В «Откровении» Иоанна Богослова образ града на небесах совмещает в себе взаимоисключающие, казалось бы, признаки колоссальных размеров средневекового замка и драгоценной шкатулки: «Небесный Иерусалим имеет квадратный план, а его высота равна его длине и ширине соответственно. Его стены ориентированы по сторонам света, с каждой стороны расположены по трое ворот. Высота городской стены составляет около 70 метров, а весь город украшен драгоценными камнями:
«18 Стена его построена из ясписа, а город был чистое золото, подобен чистому стеклу.
19 Основания стены города украшены всякими драгоценными камнями: основание первое яспис, второе сапфир, третье халкидон, четвертое смарагд,
20 пятое сардоникс, шестое сердолик, седьмое хризолит, восьмое вирилл, девятое топаз, десятое хризопрас, одиннадцатое гиацинт, двенадцатое аметист.
21 А двенадцать ворот – двенадцать жемчужин: каждые ворота были из одной жемчужины.
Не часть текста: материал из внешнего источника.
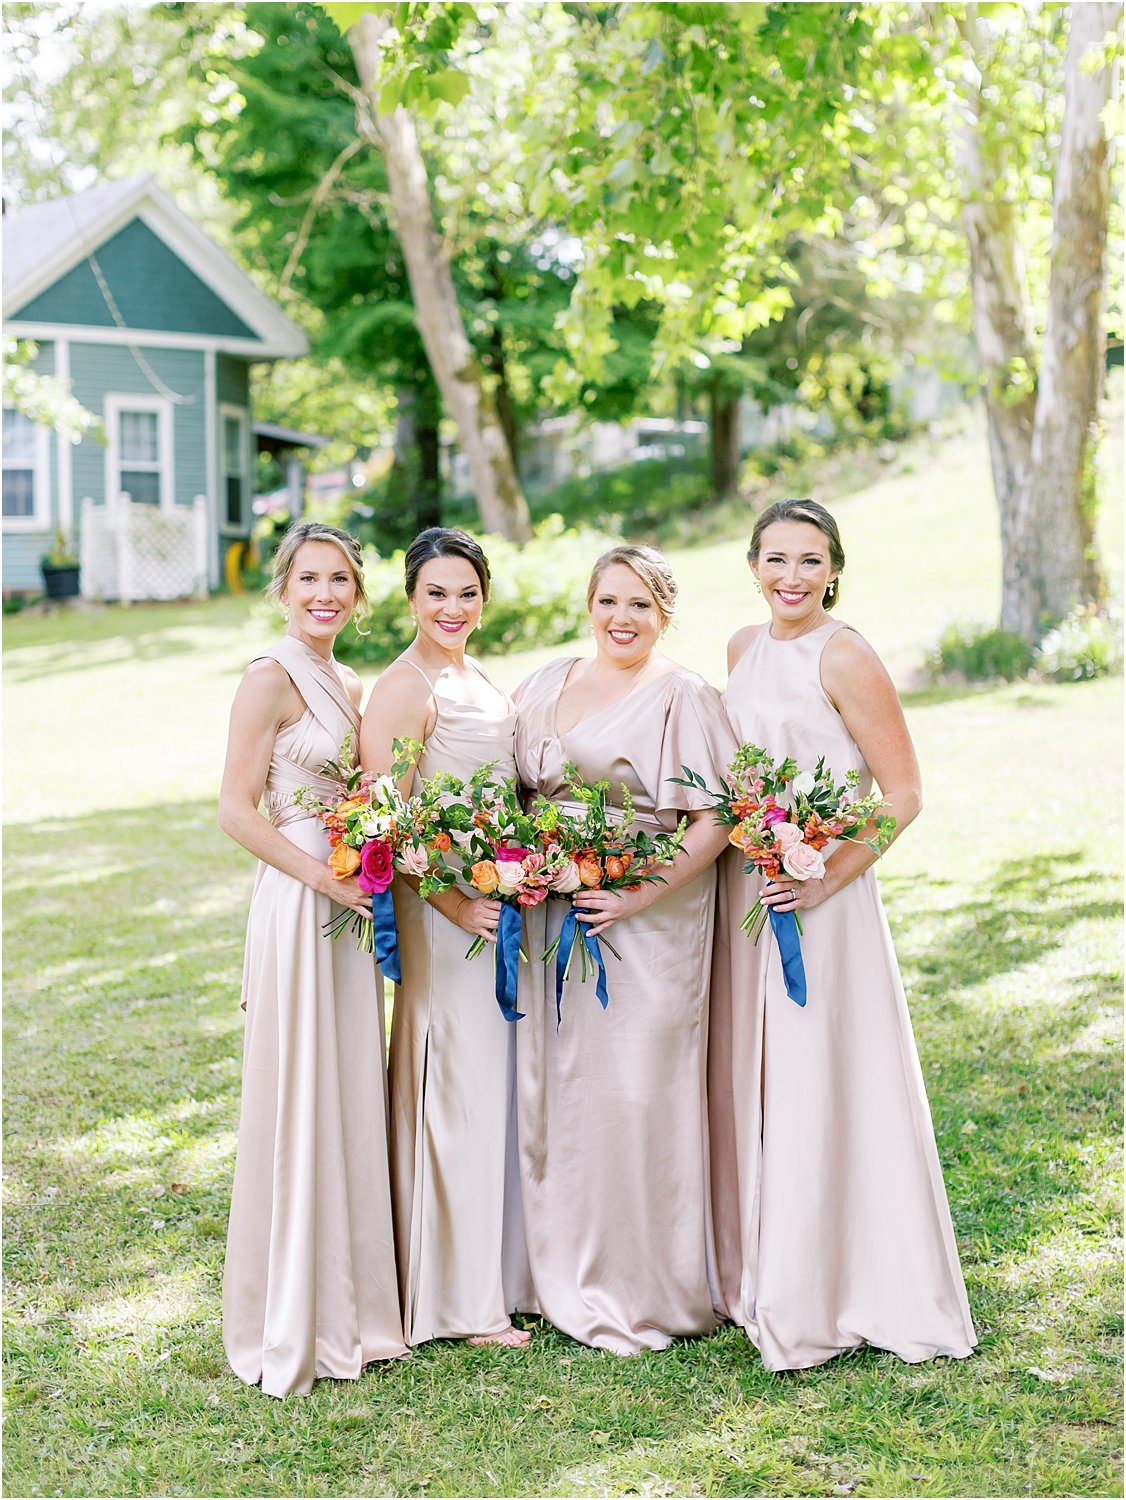 Blush neutral bridesmaid dresses with summer pops of color
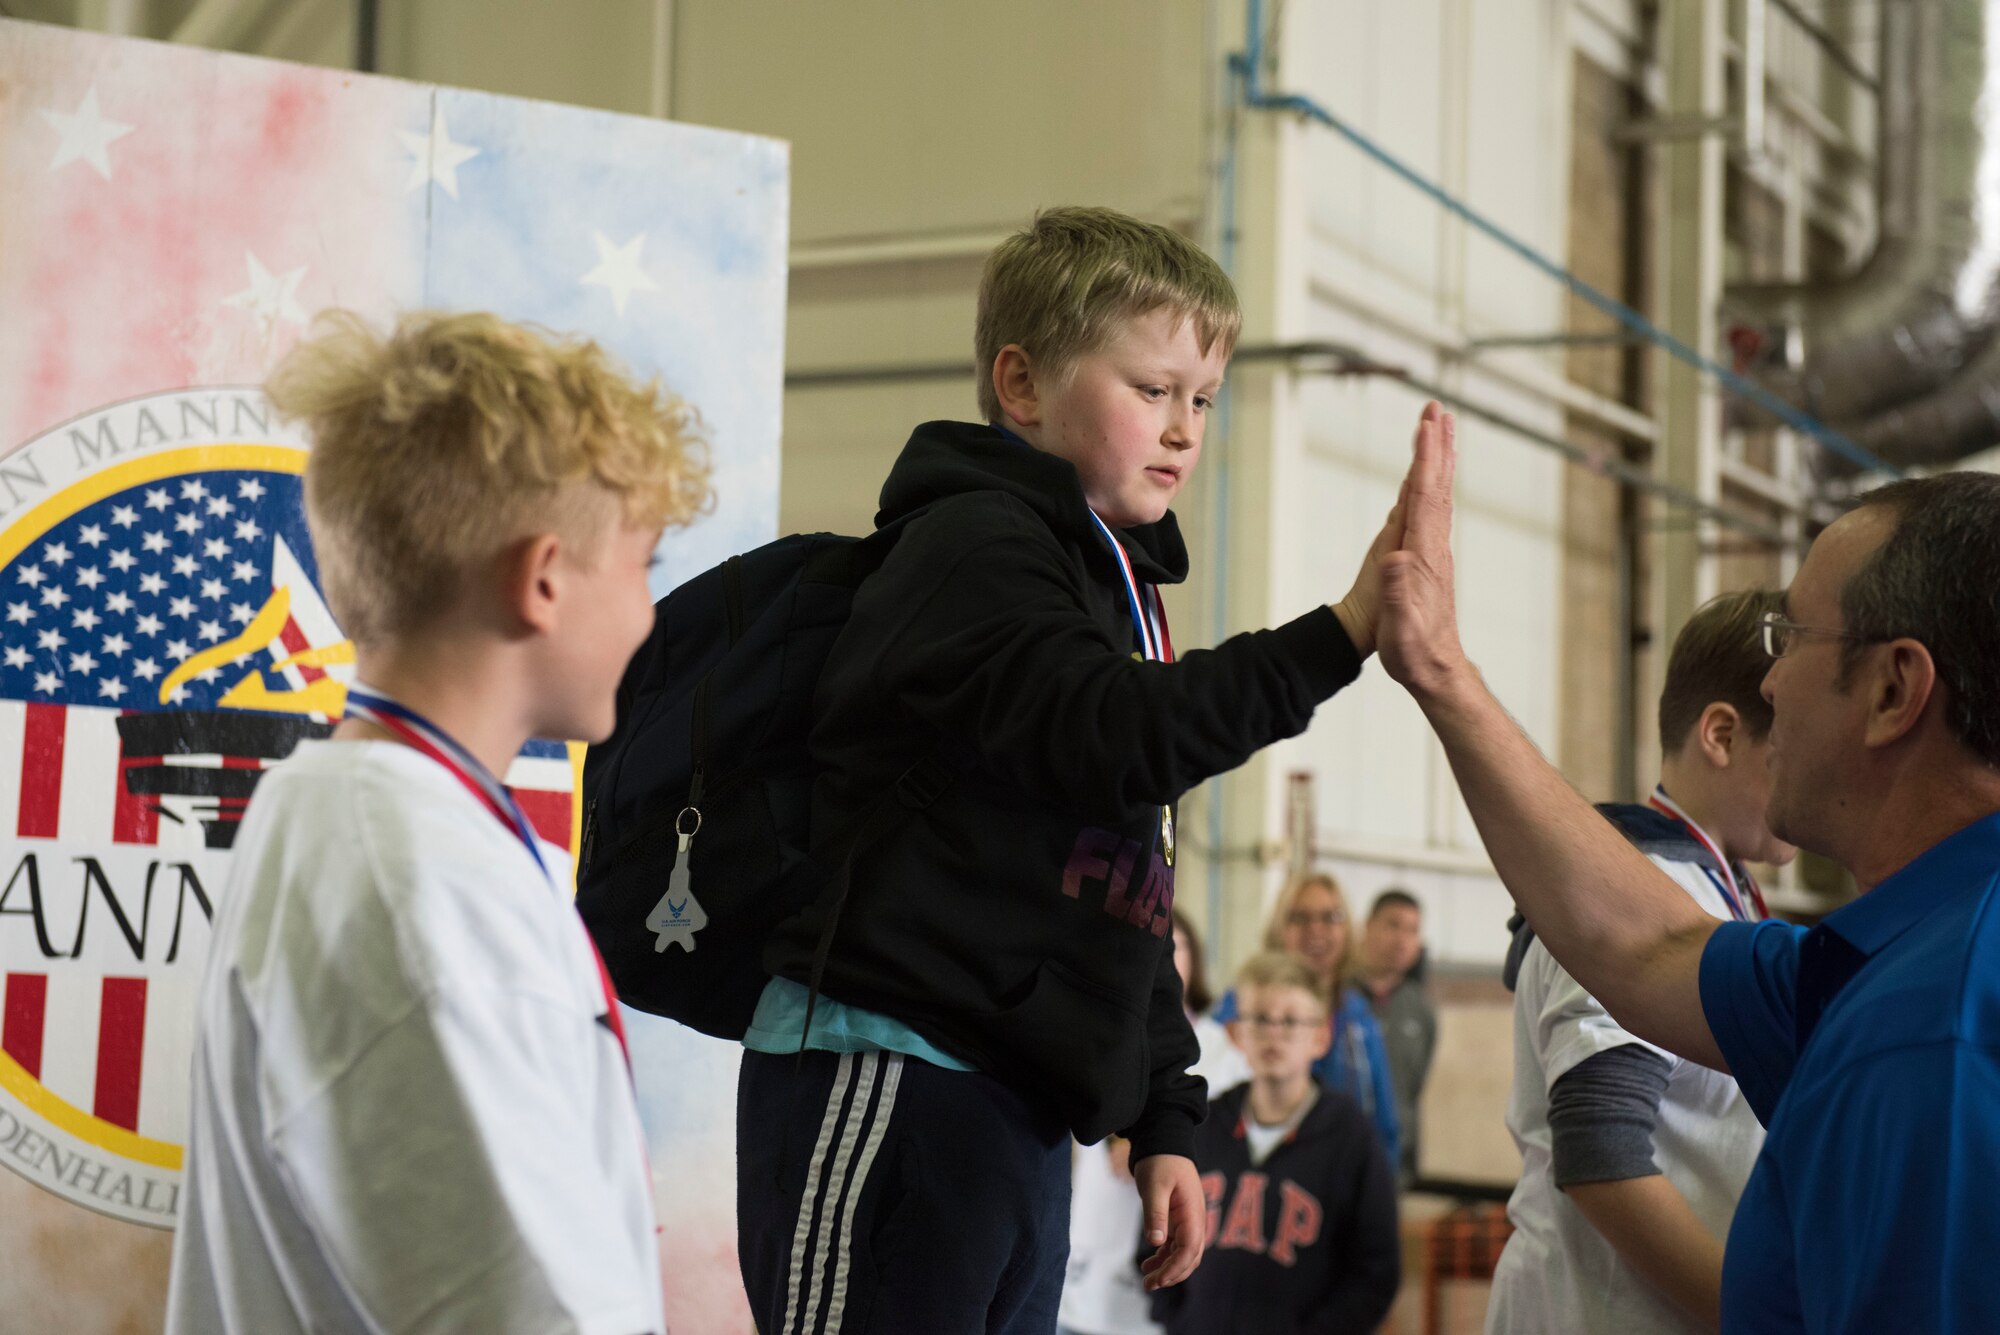 U.S. Air Force Chief Master Sgt. Clint Grizzell, 752nd Special Operations Group chief enlisted manager, high fives an athlete during the medal ceremony at the 37th Joan Mann Special Sports Day at RAF Mildenhall, England, Sept. 22, 2018.  Athletes from 28 local schools and organizations competed in 12 different sporting events, including the basketball shoot, obstacle course and football kick.  (U.S. Air Force photo by Senior Airman Lexie West)

Улица города – чистое золото, как прозрачное стекло»» (из статьи Александры Романовой «Трансформация идеи: от «идеального города» к «городу будущего»» // журнал«Architecture and Modern Information Technologies», 2015 г.).
Но, чтобы отгородится от хаоса мирской суеты, вовсе не обязательно, похоже, сооружать городскую стену в семь десятков метров или возводить величественный главный храм англиканской церкви – Кентерберийский собор высотой 71,6 метров. Ассиметричное решение православных иноков – основание храмов и монастырских комплексов вдали от крупных поселений, на островных архипелагах, берегах крупных водоемов: «Сколько монастырей возвели руки русских мастеров, столько их, поражающих необыденностью возникающих перед взором картин. Пожалуй, необыденность, противопоставленная реальности, и есть то, что сразу можно выделить как общую черту монастырских ансамблей. Зыбкости водно-небесной стихии противопоставлена незыблемость каменного монолита Соловецкого и Макарьевского монастырей, а также множества монастырей, сооруженных на островах, берегах рек и озер: Кирилло-Белозерский, Ипатьевский, Валаамский, Спасо-Мирожский (Псков), Ферапонтов Богородице-Рождественский и другие» (из статьи Елены Медковой «Небесный град на земле» // журнал «Искусство», №17, 2009 г.).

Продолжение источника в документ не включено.